- Eslamabad Location within Iran
- Coordinates: 33°41′24″N 48°43′16″E﻿ / ﻿33.69000°N 48.72111°E
- Country: Iran
- Province: Lorestan
- County: Borujerd
- District: Shirvan
- Rural District: Shirvan-e Gharbi

Population (2016)
- • Total: 34
- Time zone: UTC+3:30 (IRST)

= Eslamabad, Borujerd =

Village in Lorestan province, Iran

Eslamabad (اسلام اباد) (Note: Also romanized as Eslāmābād) is a village in Shirvan-e Gharbi Rural District of Shirvan District in Borujerd County, Lorestan province, Iran.

==Demographics==
===Population===
At the time of the 2006 National Census, the village's population was 49 in 10 households, when it was in Shirvan Rural District (Note: Renamed Shirvan-e Sharqi Rural District) of the Central District. The following census in 2011 counted 45 people in 11 households.

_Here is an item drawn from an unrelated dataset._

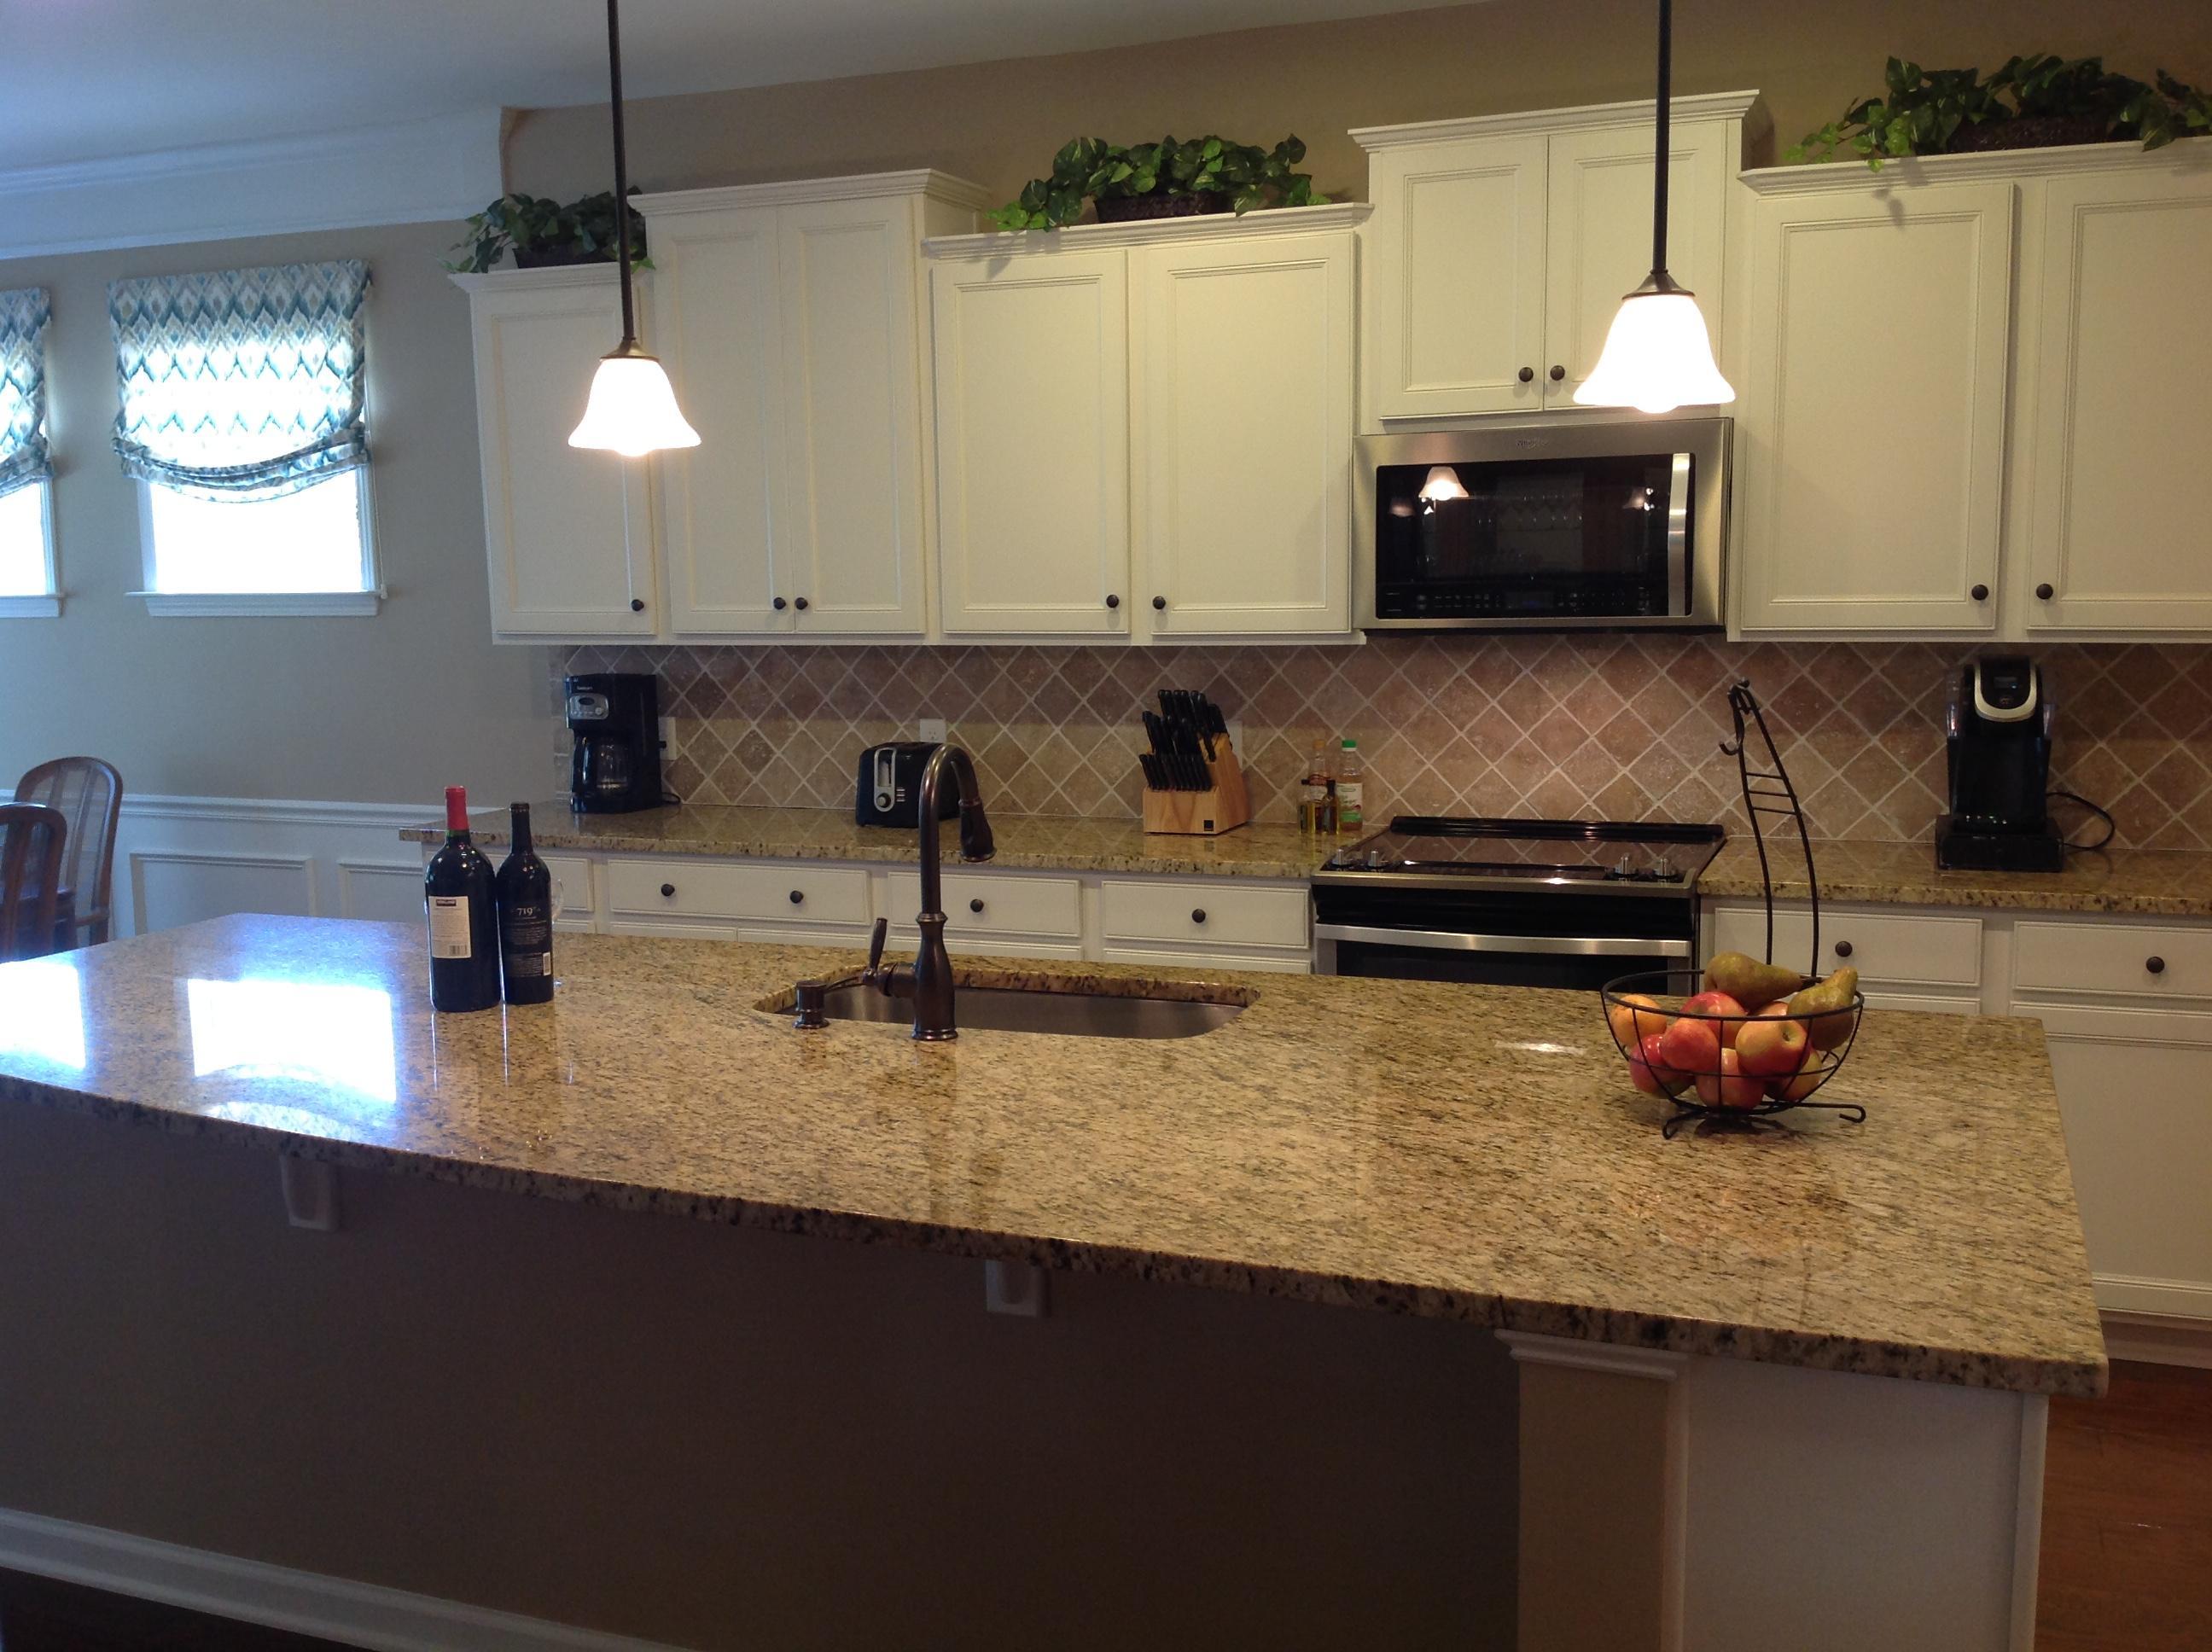 Cane Bay Plantation Homes For Sale - 547 Eastern Isle, Summerville, SC - 5

The 2016 census measured the population of the village as 34 people in eight households.

In 2021, the rural district was separated from the district in the formation of Shirvan District and renamed Shirvan-e Sharqi Rural District. Eslamabad was transferred to Shirvan-e Gharbi Rural District created in the new district.